Screen Shot 2017-10-18 at 12.37.45 PM
The houndstooth pattern of his jacket is nice and small but the lines in the tie are eye-straining.

“Hi, how are you this morning?”
“I’m doing well, chaplain. I like your jacket. Very fashionable but it’s making me squint.”
Screen Shot 2017-10-18 at 12.37.58 PM

“Good morning, it’s so good to see you again. Are you up for a short visit?”
“I’d like that very much.”
Screen Shot 2017-10-18 at 12.38.30 PM
Save the houndstooth pattern for the lower half of your bod.

You mentioned black as the kind of default option for toning down your cherished eye-poppin’ looks. But how about eggplant purple? How about navy? How about charcoal grey? Those can be non-blah-earth-tones that could be paired with brighter tops. They’re rich and restful enough on the eye and won’t upstage your face and eyes, which will be the focus of most interactions.

* I wrote this weeks ago!
I learned this year that it’s not Indigenous People’s Day but Indigenous Peoples Day — no apostrophe needed because the day honors the entire diversity of indigenous peoples.

5 Replies to “Toning It Down For CPE”

  1. I completely agree with the advice to look for gray and other neutrals that aren’t black. When I did my very first chaplaincy internship (pre-CPE), one of the chaplains told me that he never wore all black because it scared people. I could tell he had thought about this carefully because as a Catholic Priest, all black had been his standard outfit before becoming a chaplain. I’ve heeded his advice as I’ve built my own clergy wardrobe and been fairly pleased with the results.

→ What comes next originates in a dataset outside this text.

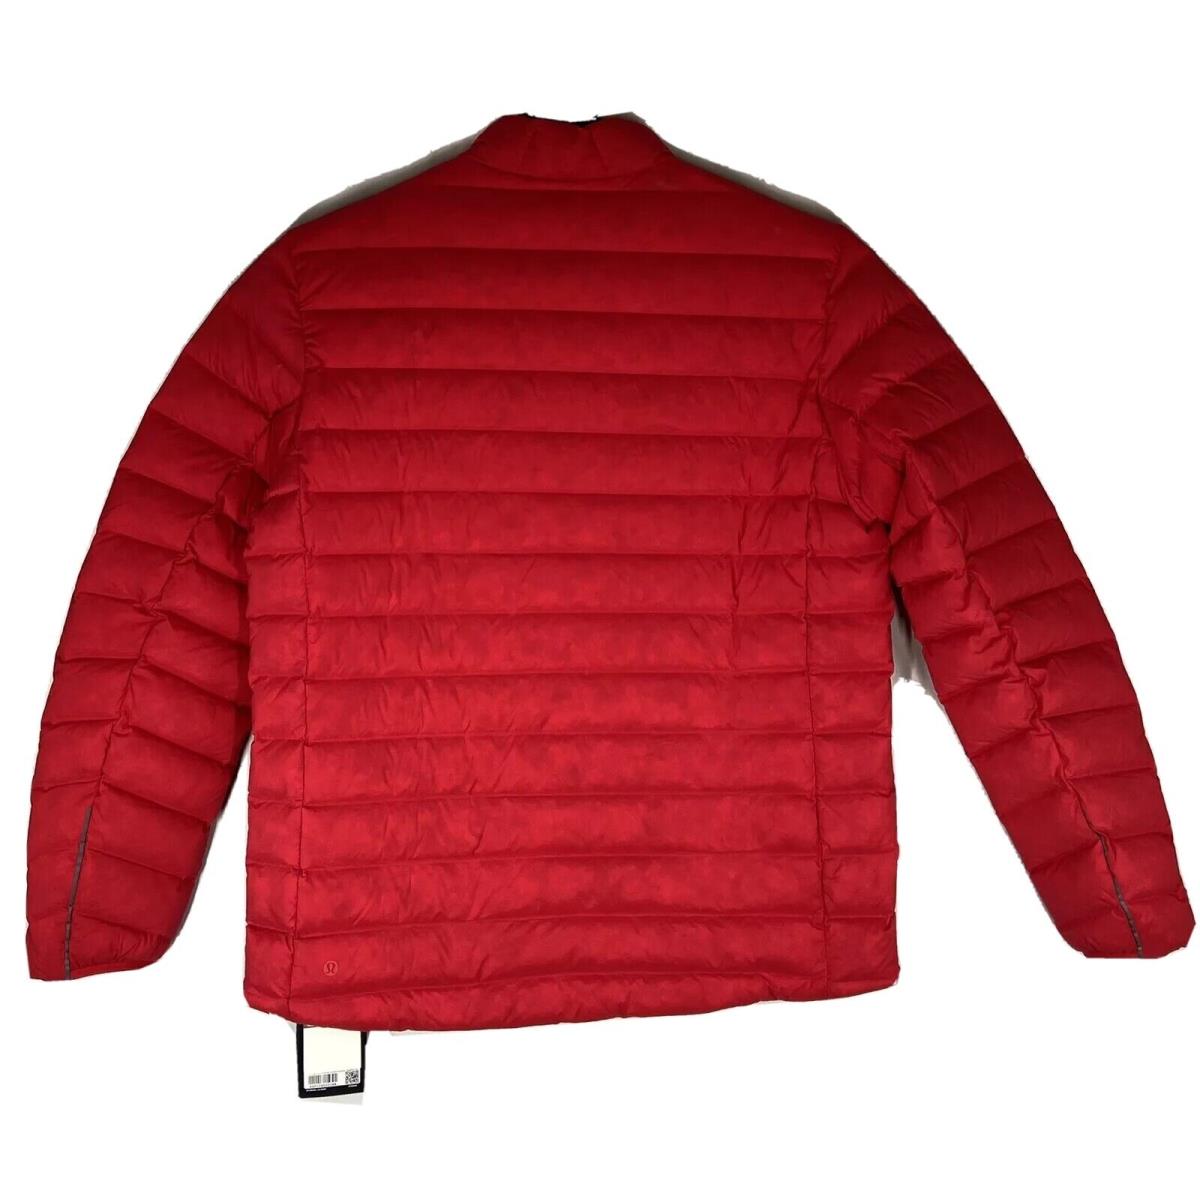 Lululemon Men`s Navigation Stretch Down Jacket Size XL Color Red Rdtd 700 Fill

  2. Another thing to keep in mind is you will want to be able to wash most if not everything you wear in the hospital. The new (medical and pharmacy) residents wear dry clean only clothes and heels for a little while and replace them with dressy knits and flats very soon.

  3. Seconded the “washable” recommendation as well as that for sturdy, sensible shoes good for walking, standing and crouching at the bedside when the chair’s missing again. I like knits – yes, PB, they’re floppy and unstructured, but it means you don’t have to change clothes if you get to take a nap during an on-call shift. Cardigans and slacks work for me: think a femme version of Mr. Rogers. Chaplaincy is a good place for calm, cuddly, non-anxious presence. We can be sharp and prophetic in other contexts.

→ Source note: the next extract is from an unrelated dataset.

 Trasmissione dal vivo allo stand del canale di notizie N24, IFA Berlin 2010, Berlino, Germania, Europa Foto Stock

    As far as color schemes go, I favored solids – jewel tones mostly, because earth tones (and anything with a yellow undertone) makes me look jaundiced. Black, navy, and all shades of gray work for me; your mileage may vary.

  4. “femme mr rogers” Exactly!

    Actually good ole lands end dresses and knit pants work great and often have pockets. If you get things that fit properly, choose colors wisely and care for things carefully, they look nice and not sloppy at all. and if you need to sit on the ER floor, you aren’t thinking about what you are wearing so much.

    I advise picking a color scheme and sticking with it, with one basic color like gray, navy or black. Brown is such a chaplaincy stereotype I’d be careful with that but if it works without hair and skin go for it. jewel or brighter colors as accents. I know it is boring but every time I try to branch out into other things it seems a distraction. Also remember on many units scarves aren’t allowed for safety reasons, same with dangling jewelry.

    Chaplains are in a bind fashion wise: you don’t want to be mistaken for medical personnel (scrub like attire, too much fleece) but you don’t necessarily want to look like someone from legal or corporate either (traditional suits and similar)

  5. I agree with the sweaters and knit pants and flats. Depending on your context, you may be racing to respond to a “code blue” along with everyone else. Fitted suits and heels just get in the way.